Web search engines index an astonishing range of web-accessible pages, many outdated, ephemeral, unreliable, and obscure. The emphasis on recall (at the expense of precision or currency) means that the yield is mostly dross not gold. The continuing rapid expansion of the Web and the wave of mass digitization projects can only amplify this effect. The more extensive a Web search engine's reach becomes, the greater the need for alternative options with a complementary emphasis on the kind of precision, currency, and trust associated with a reference library collection. (Tools are being developed for algorthmic search of the deep web, but even if they were successful this would not address the issue of trustworthiness.)

The dream of a reference library in which little green lights identity the explanatory resources mentioning the topic of current interest becomes feasible in the digital library environment because union indexes (strictly, like Google, more or less edited concordances) can be generated for any set of explanatory resources if the indexing software has access to the full-text of the resources.
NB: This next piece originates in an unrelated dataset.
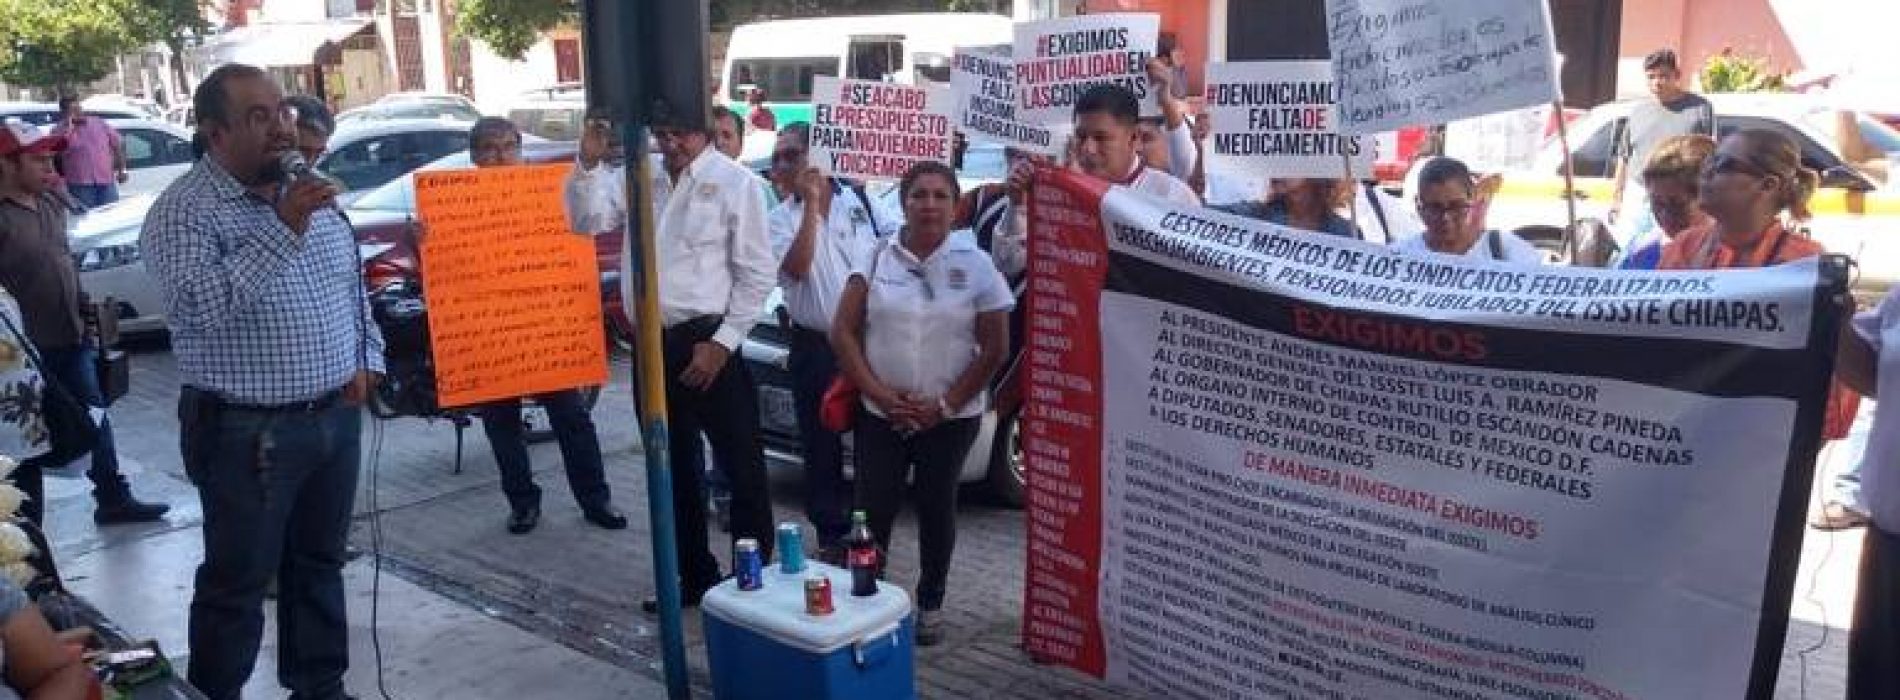 Protestan por carencias en el ISSSTE Chiapas

Guides to reference works, commonly known by their compilers' names, such as Mudge, Winchell, Malclès, Walford, and now Kieft, expertly describe thousands of resources. Search of these descriptions may be helpful but is no substitute for search of their contents. In a digital environment it become feasible to generate union indexes to the entire contents of customized selections of well-regarded resources. Established Natural Language Processing techniques and XML mark-up can help address problems of term disambiguation and vocabulary control. The creation of such union indexes and the wider adoption of peer-to-peer search and retrieval protocols provide the basis for a transformation of reference service in the digital library environment.

Acknowledgements

Fredric C. Gey, Matthew Holmberg, Daniel Melia and others assisted the work reported. We are grateful for the support from the Institute of Museum and Library Services through award LG-06-06-0037-06 “Bringing Lives to Light: Biography in Context” and from the Advancing Knowledge grant PK-50027-07 “Context and Relationships: Ireland and Irish Studies,” jointly funded by the National Endowment for the Humanities and the Institute of Museum and Library Services.